Here is one way I have seen, using regular expressions to parse the HTML: http://w3guy.com/php-retrieve-web-page-titles-meta-tags/
How to fetch title from HTML/XML
So i would like to fetch title from url that user enter and show it as normal text. How would you do that?
It's not recommend to parse html with regex, even for simple things. See these posts:
http://blog.codinghorror.com/parsing-html-the-cthulhu-way/
http://stackoverflow.com/questions/1732348/regex-match-open-tags-except-xhtml-self-contained-tags
You could use phps built in DOMDocument
Example using DOMDocument to extract the title element from some html:
$title = '';
$dom = new DOMDocument();
if (@$dom->loadHTMLFile($url))
{
$elements = $dom->getElementsByTagName('title');
if ($elements->length > 0)
{
$title = $elements->item(0)->textContent;
}
}
Symfonys DomCrawler component would be another option - it's also included in Laravel:
use Symfony\Component\DomCrawler\Crawler;
$crawler = new Crawler($html);
$crawler->filterXPath('//title')->text();
Yeah, the regex stuff was the first that came to mind. The proper way would be to use the crawler mentioned above or go for Guzzle/Goutte solutions.

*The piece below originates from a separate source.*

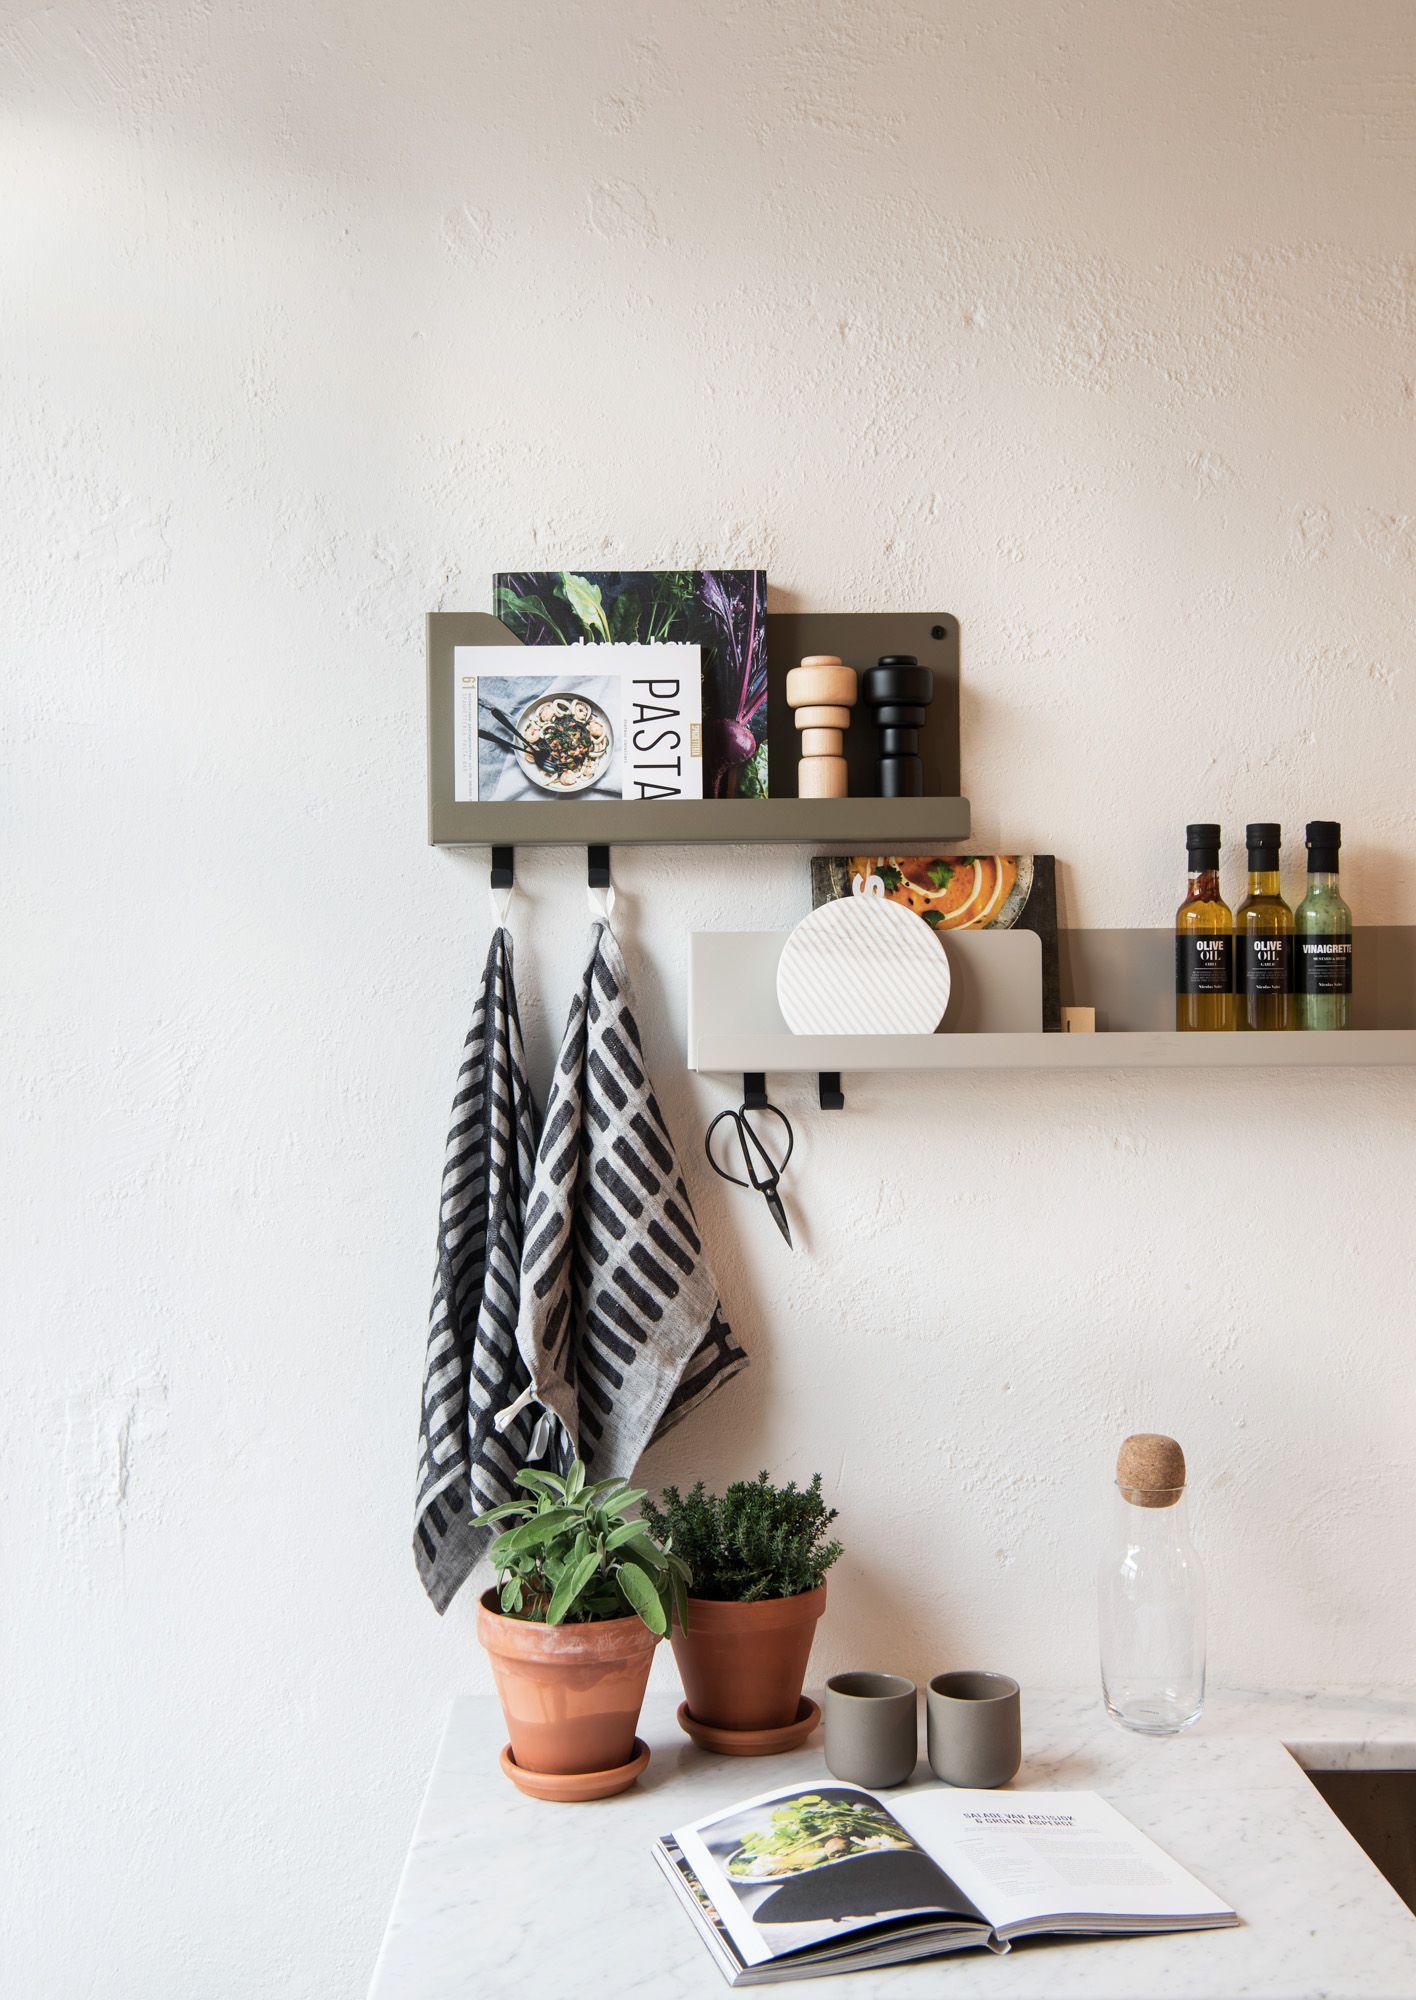 Muuto FOLDED Shelves By Johan Van Hengel At Mobilia Interior In - Salle a manger interiors pour idees de deco de cuisine

Here is one interesting approach I just found (you made me curious about this): http://zrashwani.com/simple-web-spider-php-goutte/
You can do some great stuff with DOMDocument but just pulling the page title, cmon...
The overhead isn't worth it. Read this: http://blog.futtta.be/2014/05/01/php-html-parsing-performance-shootout-regex-vs-dom/
Then do this: https://stackoverflow.com/questions/399332/fastest-way-to-retrieve-a-title-in-php
<?php
function page_title($url) {
$fp = file_get_contents($url);
if (!$fp)
return null;
$res = preg_match("/<title>(.*)<\/title>/siU", $fp, $title_matches);
if (!$res)
return null;
// Clean up title: remove EOL's and excessive whitespace.

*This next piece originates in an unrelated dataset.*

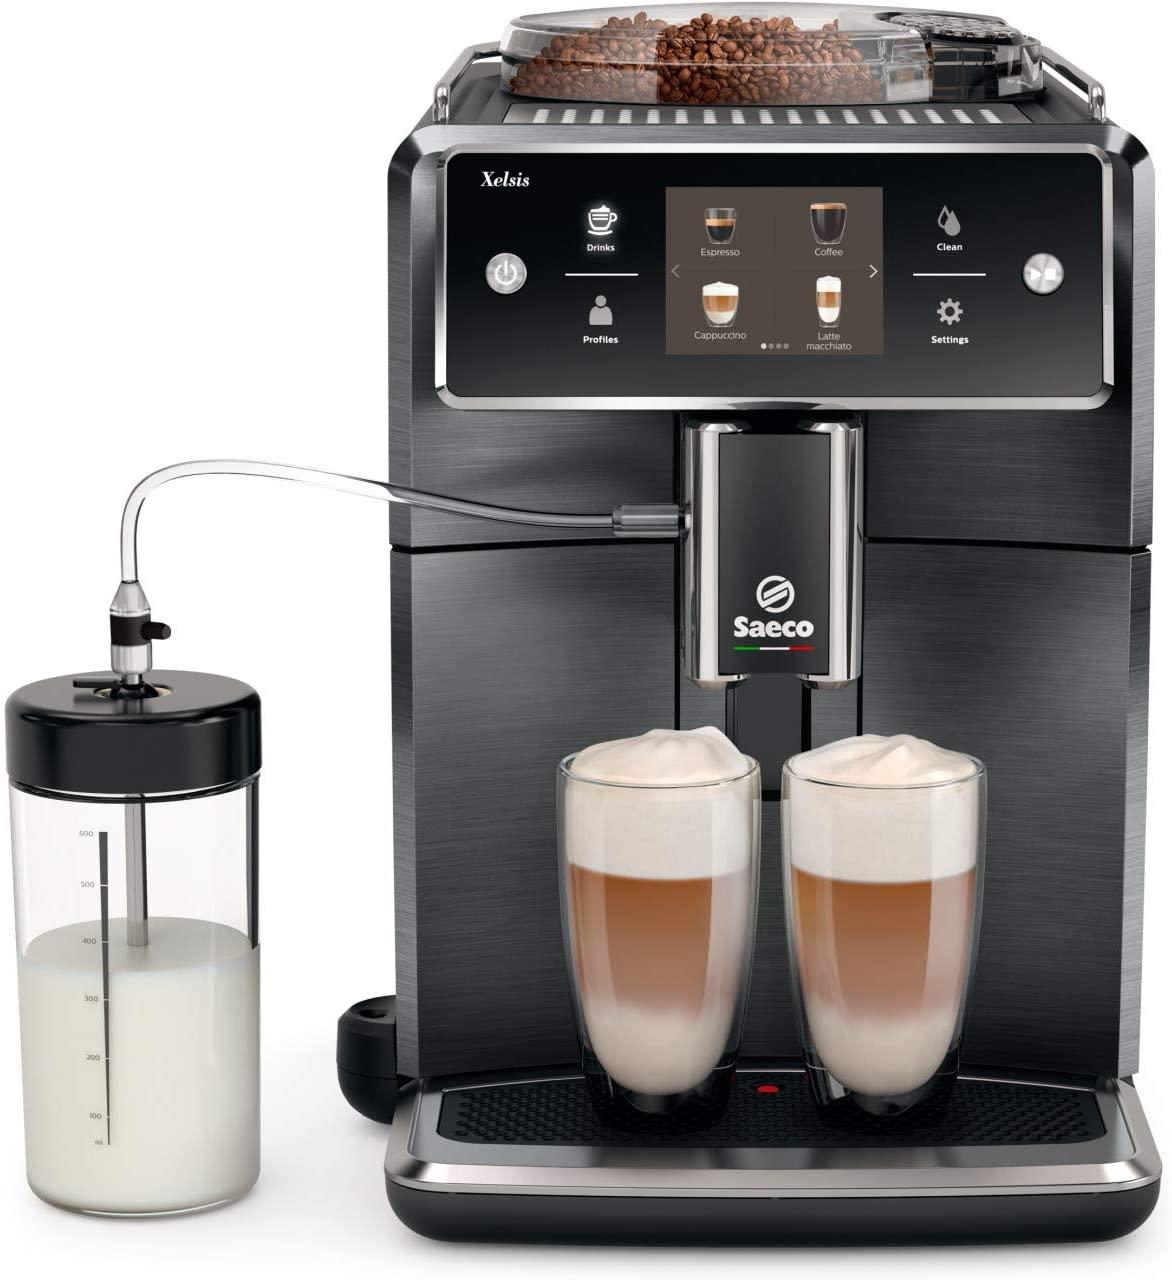 7. Saeco Xelsis Super Automatic Espresso Machine, Titanium Metal Front, SM7684/04

$title = preg_replace('/\s+/', ' ', $title_matches[1]);
$title = trim($title);
return $title;
}
?>
Further, using DOMDocument, if the page isn't well formed you'll have problems and the same with different character encodings.
This is an ideal candidate for regular expressions over DOM.
@sitesense Are you sure this isn't a case of premature optimisation? What if later on you want to grab some other data from the page? With regards to the performance, if that is an issue you could always implement some form of caching.
For badly formed html there is: http://php.net/manual/en/book.tidy.php
@WookieMonster I could combat that with "YAGNI"... you aren't gonna need it :)
https://en.wikipedia.org/wiki/You_aren't_gonna_need_it
However, if it's the case that a user enters a url manually and wants to retrieve the title, then speed/resource use is no worry.
"implement some form of caching"... I don't think you've thought this through. We are talking about random websites that we take the title from and then abandon. Caching is the worst thing you could do :)
Just use the right tool for the job.
The overhead of DOMDocument + Tidy, to grab a page title seems way overboard to me.
If we programmed to "what if", we'd never complete a project :)
My philosophy... don't overthink!
It's definitely a large performance gain that shouldn't be ignored. I wrote a scraper in Python a few years ago that used regex over a dom parser to squeeze out extra performance... :)
Thnx guys, i try DOMDocuments and it serves me well, but from some pages i can't parse Title, also, what if i want to fetch excerpt from blog post? Where can i find element which i want to fetch? I tried to find other elements, but i'm not good at it at this point.
You might find the Symfony DOM crawler easier to use (see my first post), this uses XPaths to identify the element. You can find the XPath of an element in chrome by bringing up the inspector, right clicking the node you want and selecting "copy XPath".